Выходит, все покойники второго “случая” - “хорошие люди”, и в том, что они хорошие, заключается сходство между ними. Все эти смерти, как бы ни были они различны по обстоятельствам, входят в серию “смерти хороших людей”. Но даже без такой сериализации смерть предстает здесь неким одинаковым и повторным событием, лишенным фундаментальной индивидуальности. Мы просто имеем повторение: умер, умер, умер, умер.
Существует ли что-то отличающее одну смерть от другой во втором “случае”? С одной стороны, это серия причин и обстоятельств, приведших к смерти. Именно в них как будто и заключена сама сущность случайности - “объелся горохом”, “упал” или просто “умер сам собой”, - то есть без причины, так сказать, случайность.

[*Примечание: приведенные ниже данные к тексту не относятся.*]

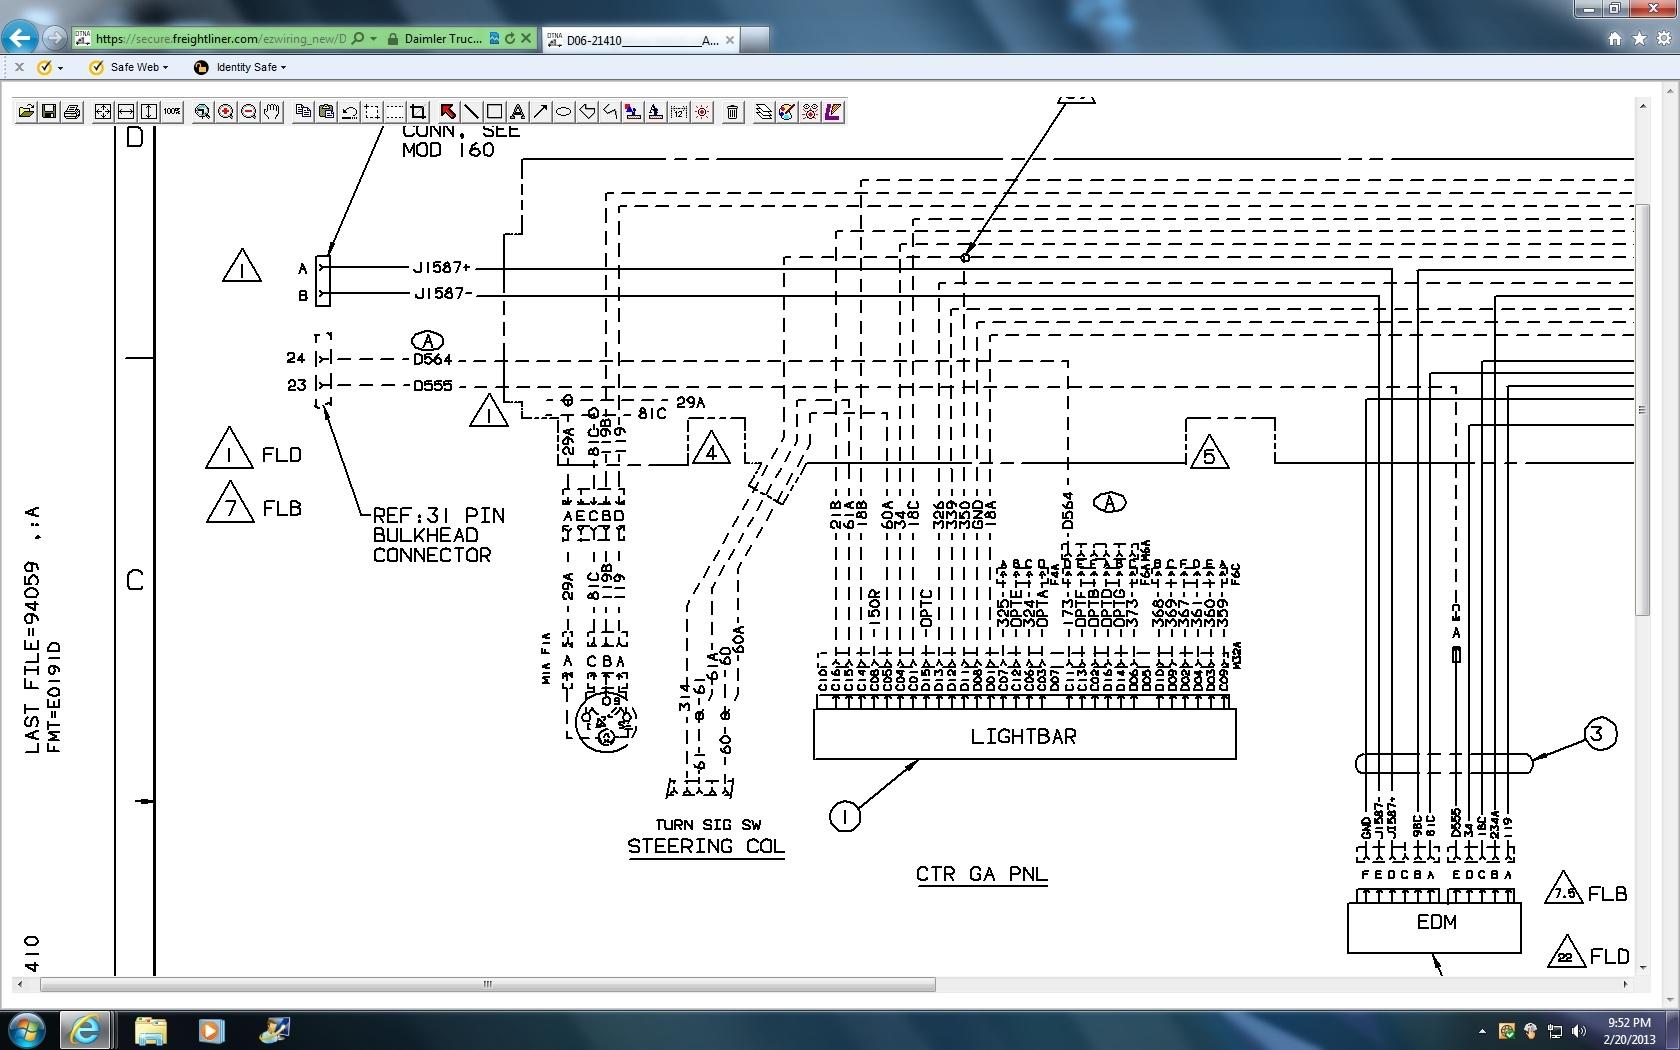 Detroit Series 60 Ecm Wiring Diagram | Free Wiring Diagram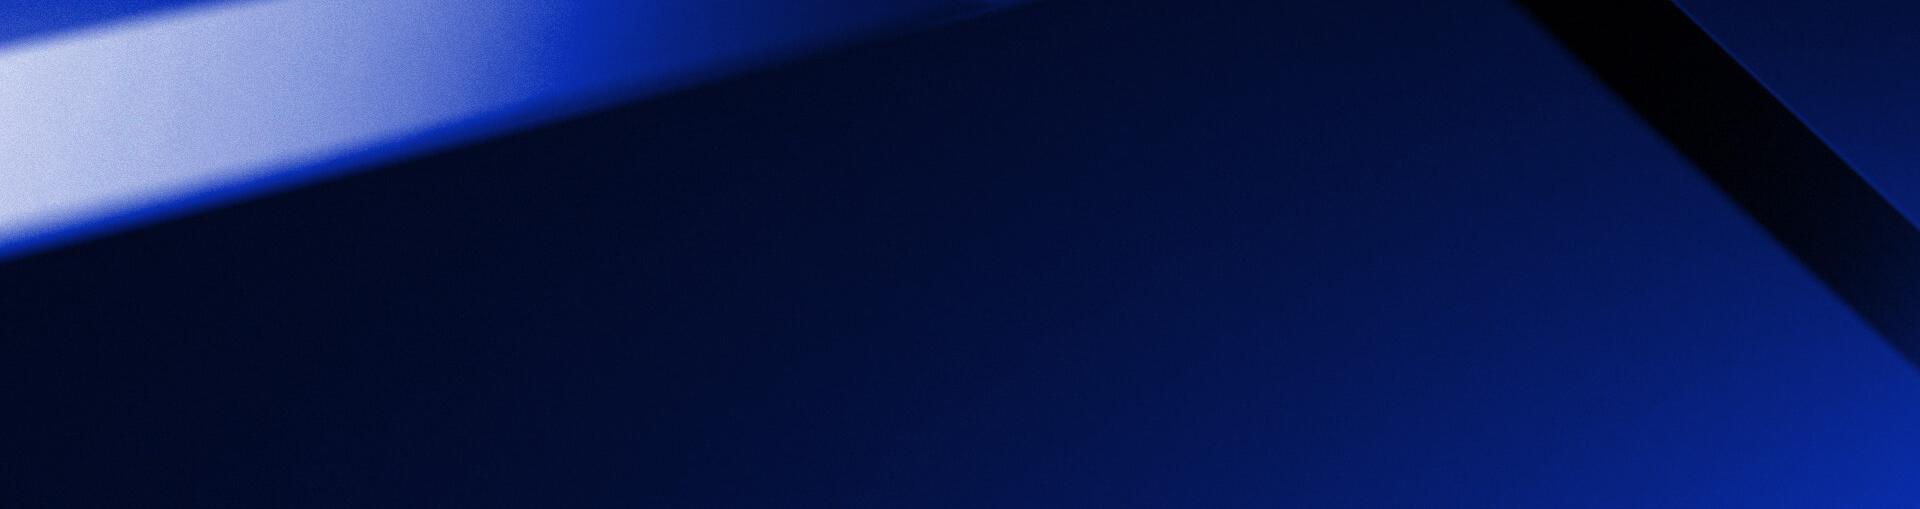 rra-background-blue-5-2021.jpg

Однако, как будет видно, уже начиная с третьего “случая” такая форма индивидуализации случаев подвергается сомнению.
Иная форма отличия заключена в именах. Отличается не столько сам случай, сколько тот, с кем он произошел. Случайное связывается с именем.
Значит, серия: Орлов умер, Крылов умер, Спиридонов умер, жена Спиридонова умерла - описывает разные события потому, что имена в серии разные. Стоит заменить эти разные имена общим наименованием, и события перестанут различаться между собой. Например: хороший человек умер, хороший человек умер, хороший человек умер, хороший человек умер. Что это: серия разных событий или одинаковых?
В третьем “случае” Хармс как раз и создает такого рода серию. Называется “случай” “Вываливающиеся старухи”:
“Одна старуха от чрезмерного любопытства вывалилась из окна, упала и разбилась.
Из окна высунулась другая старуха и стала смотреть вниз на разбившуюся, но от чрезмерного любопытства тоже вывалилась из окна, упала и разбилась.
Потом из окна вывалилась третья старуха, потом четвертая, потом пятая. Когда вывалилась шестая старуха, мне надоело смотреть на них, и я пошел на Мальцевский рынок, где говорят, одному слепому подарили вязаную шаль”25.
Почему рассказчику надоело смотреть на вываливающихся старух? Потому, что в описанном “случае” не осталось почти ничего случайного. Действие все время повторяется, да и объекты его почти не различаются. Одинаково падают одинаковые старухи. Имен у них нет, и они отличимы только что по номерам. Но откуда взялись эти номера? От порядка падения старух? Упала старуха и стала первой, потом упала старуха и стала второй. Или иначе: все старухи пронумерованы заранее и падают в порядке номеров? Здесь так мало от случая, что интересней пойти на Мальцевский рынок, где одному слепому подарили вязаную шаль.
Хармса, как и другую выдающуюся личность нельзя исчерпать рамками дипломной, работы. Одно перечисление символов, используемых Хармсом, метаморфоз и “случаев” с его героями превысило бы отведенные нам рамки. Любой разговор о Хармсе обязательно упирается в проблему смысла. Смыслы в произведениях Хармса бесконечны, его произведения – это своеобразный конструктор без инструкции. Как бы читатель не переставлял детали, он всегда получает что-то новое, невообразимо запутанное, но притягивающее.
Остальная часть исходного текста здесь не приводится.